I love the two-back sets with Miller, Hyde, and Wilson in the backfield. Defense has to respect Wilson horizontally, which opens up the middle for Hyde. The defense has to respect Hyde, which opens up the flats for Wilson. Or you can run Wilson outside in motion (opens up the middle) and run QB power. This provides so many different looks that defenses just can't handle.
I've also been impressed with Braxton beginning to take what the defense gives him. Ever since second half of Northwestern he has been more willing to throw it to the dumpoff guy (usually Hyde), throw it away, or scramble ahead for < 5 yards. In the past he was too focused on the big play rather than getting positive first down yardage. 

kalabuckzoo's picture

Power back, speed back, and shifty back with those three in the backfield.  makes me smile.
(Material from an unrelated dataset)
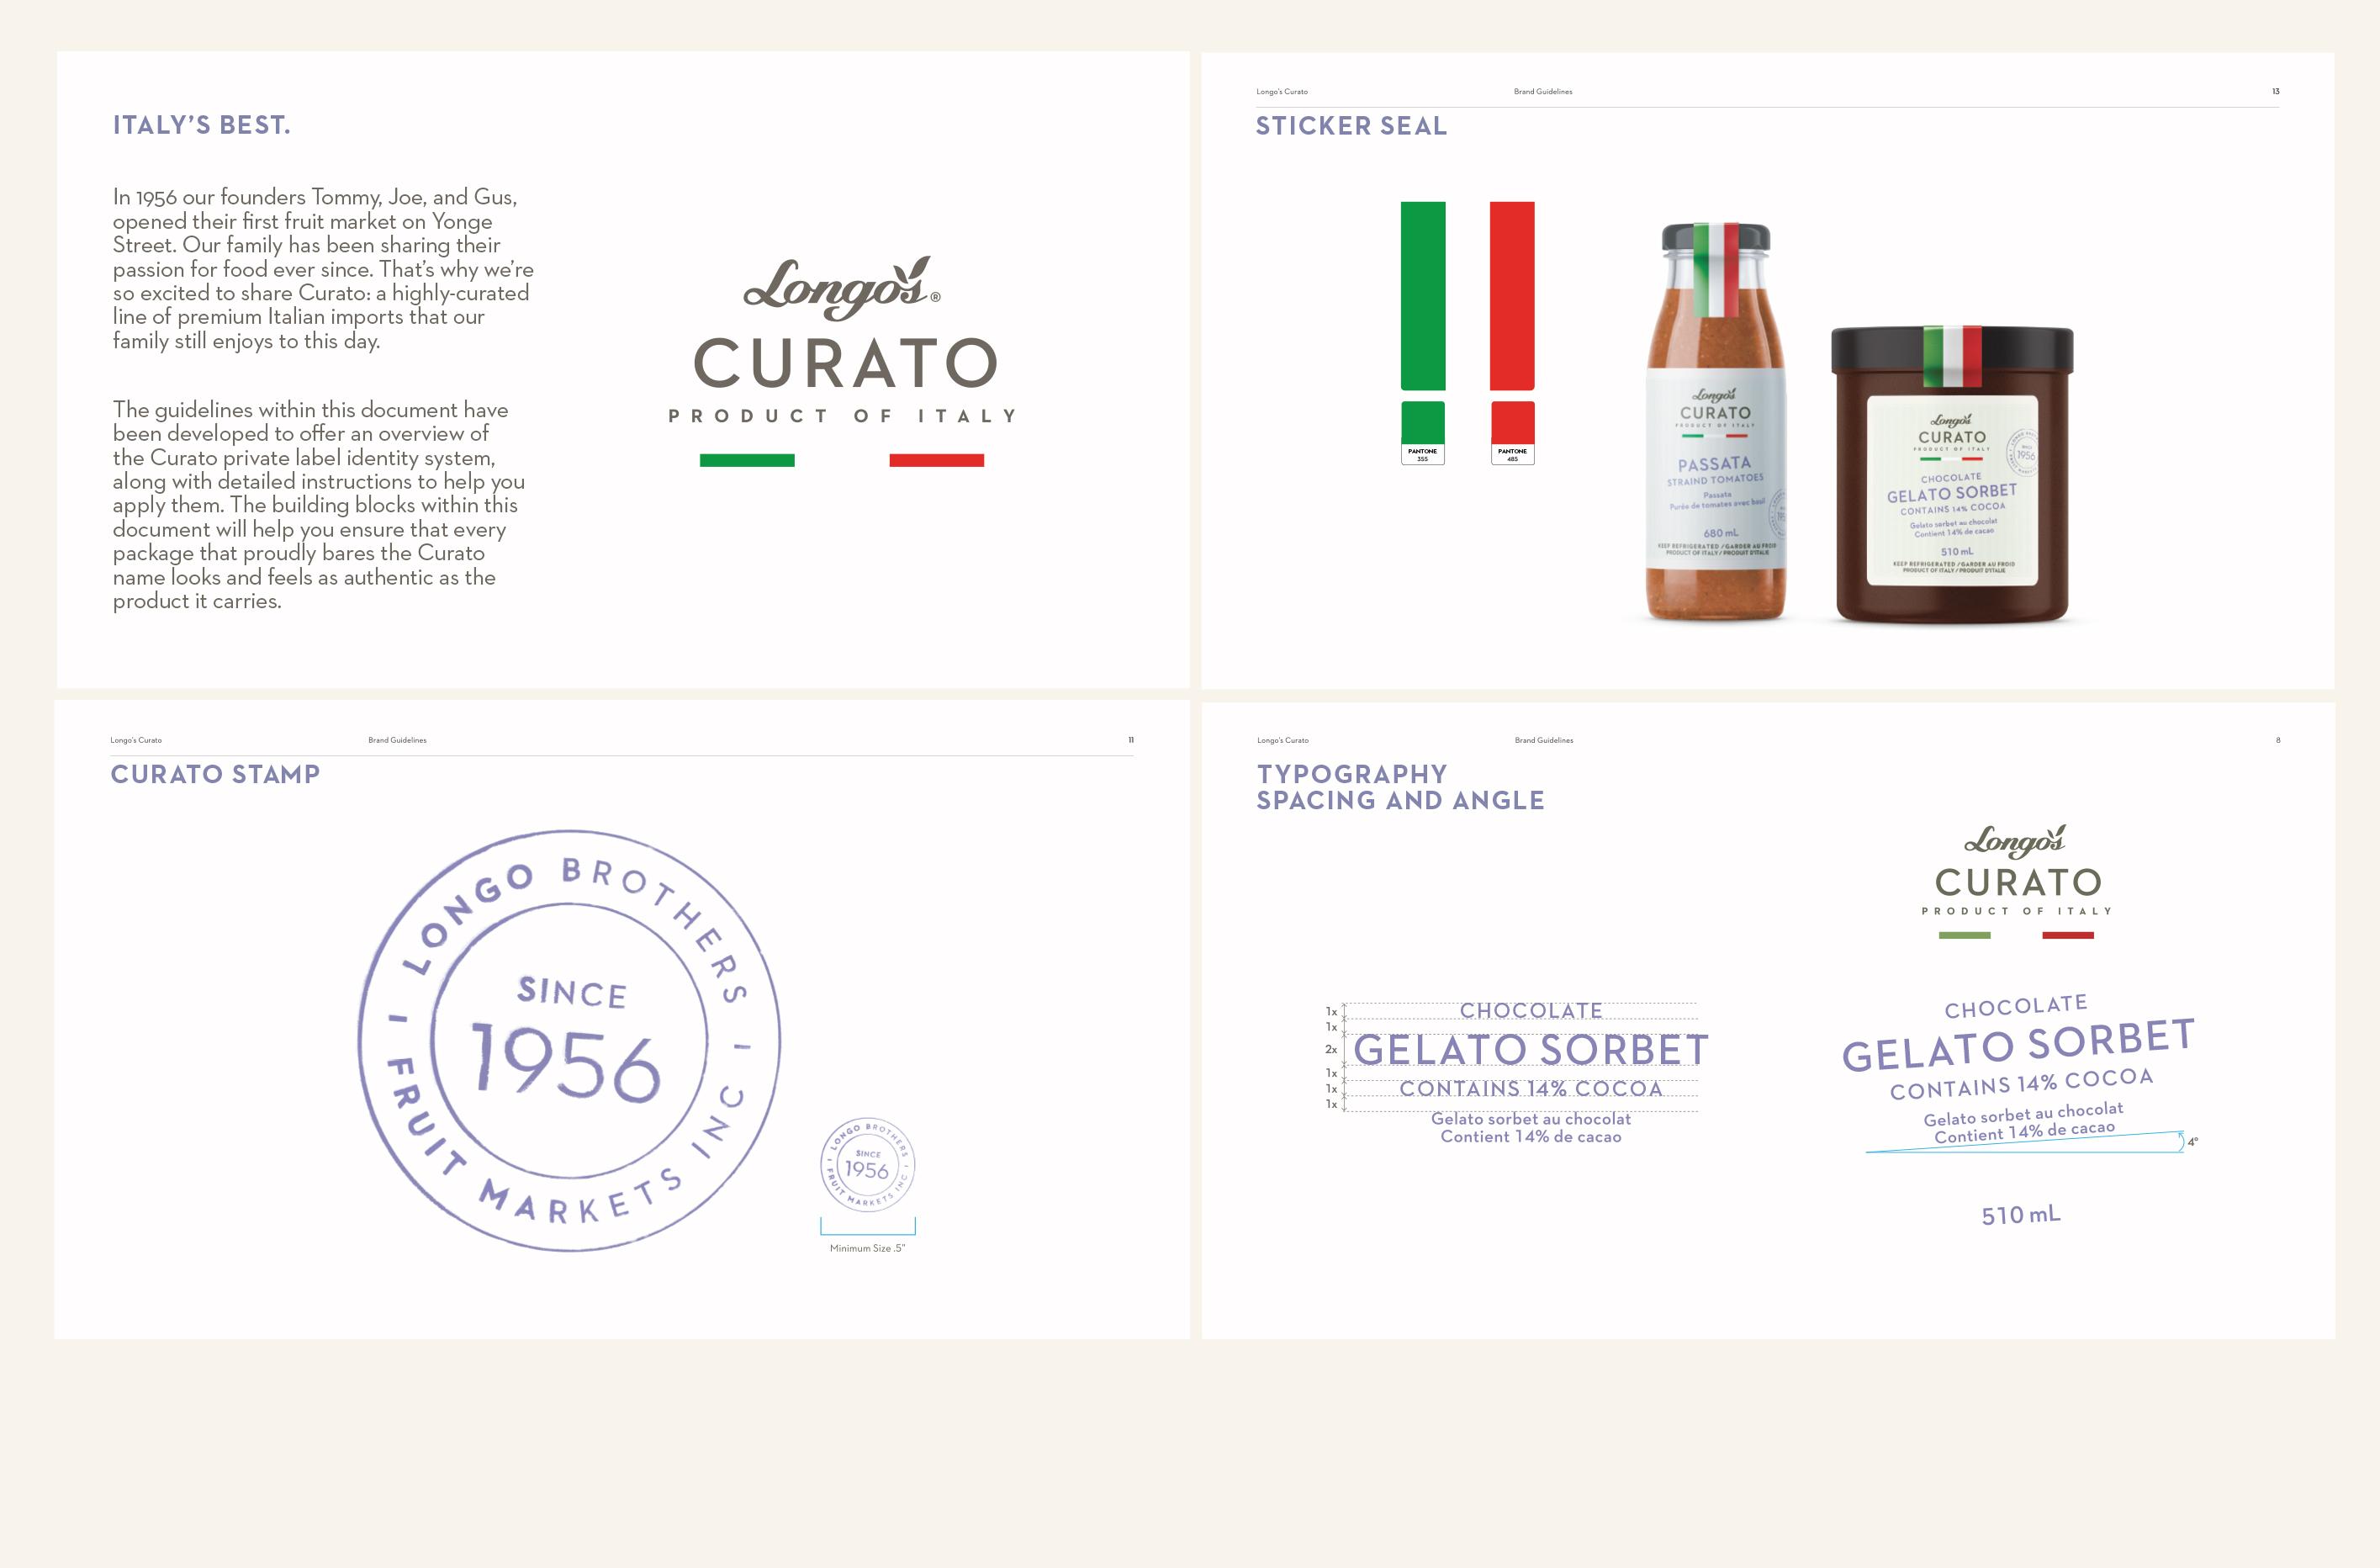 Longo's Curato Brand Guidelines
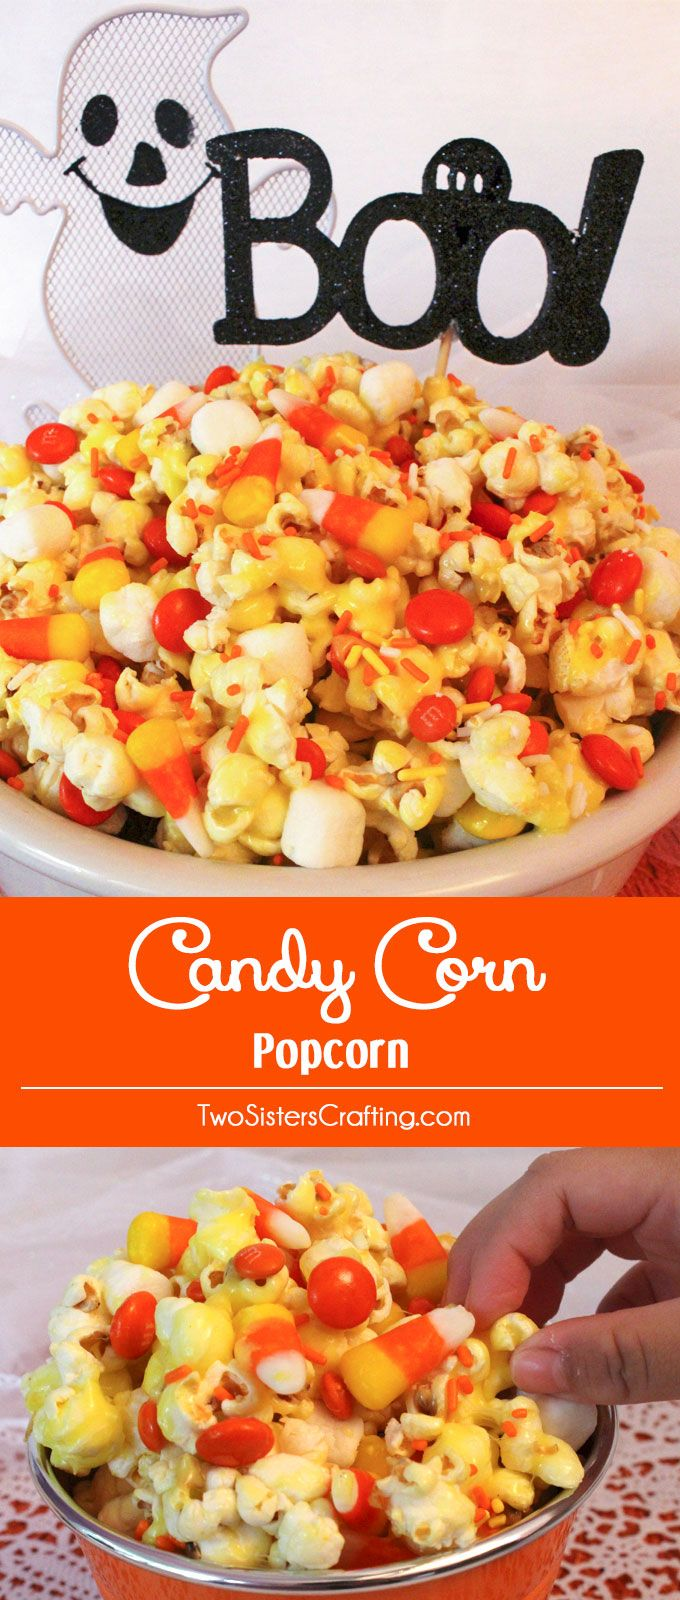 halloween dessert ideas parties best 25 halloween sweet 16 ideas on pinterest hallowen party - Halloween Desserts For Parties

Blue Eyed Buckeye's picture

I've never been a fan of 2 RBs on the field at the same time.  Wilson can't catch or block like our WRs and TEs can.  I'd rather have another WR blocking downfield than Wilson trying to be a decoy on a Carlos Hyde carry.

darkhorse3d's picture

The down field blocking from these receivers and Heuerman has been incredible. Check out the block on that wilson TD catch. They hold their block and they know where to be. This O is mechanical. 

Toilrt Paper's picture

Everyone remember, Wilson is not really a "running back". He is the slot back. The Harvin back. You will see him all over the field. Making it MUCH MORE difficult for defenses than if he was just a "running back".

NEWBrutus's picture

Something I noticed in this game:  We often went with the read/screen play, and Braxton a handful of times didn't throw the screen right away.  Perhaps PSU was jumping the screen route.  One time, he pivoted and hit Carlos in the flat, and another time he improvised and either threw it away or scrambled. 
It is amazing what strategic play calling combined with high quality personnel will do for an offense. 
Just good stuff!

Seattle Linga's picture

Great breakdown Ross and well put together. Your job must be fun when we are playing this way.

osuguy2008's picture

How do offenses get around illegal men downfield with the flash screen shown above?
Since the first part of the play is a possible run then the lineman would be moving forward; but normally if there's a pass isn't that illegal men downfield? 
Or is the work around because it's a screen pass thrown no further vertically than parallel to the line of scrimmage?

CALPOPPY's picture

I think that ineligible man downfield is not possible if the pass is thrown behind the LOS. So, if I understand your last sentence correctly, this is what you are trying to say?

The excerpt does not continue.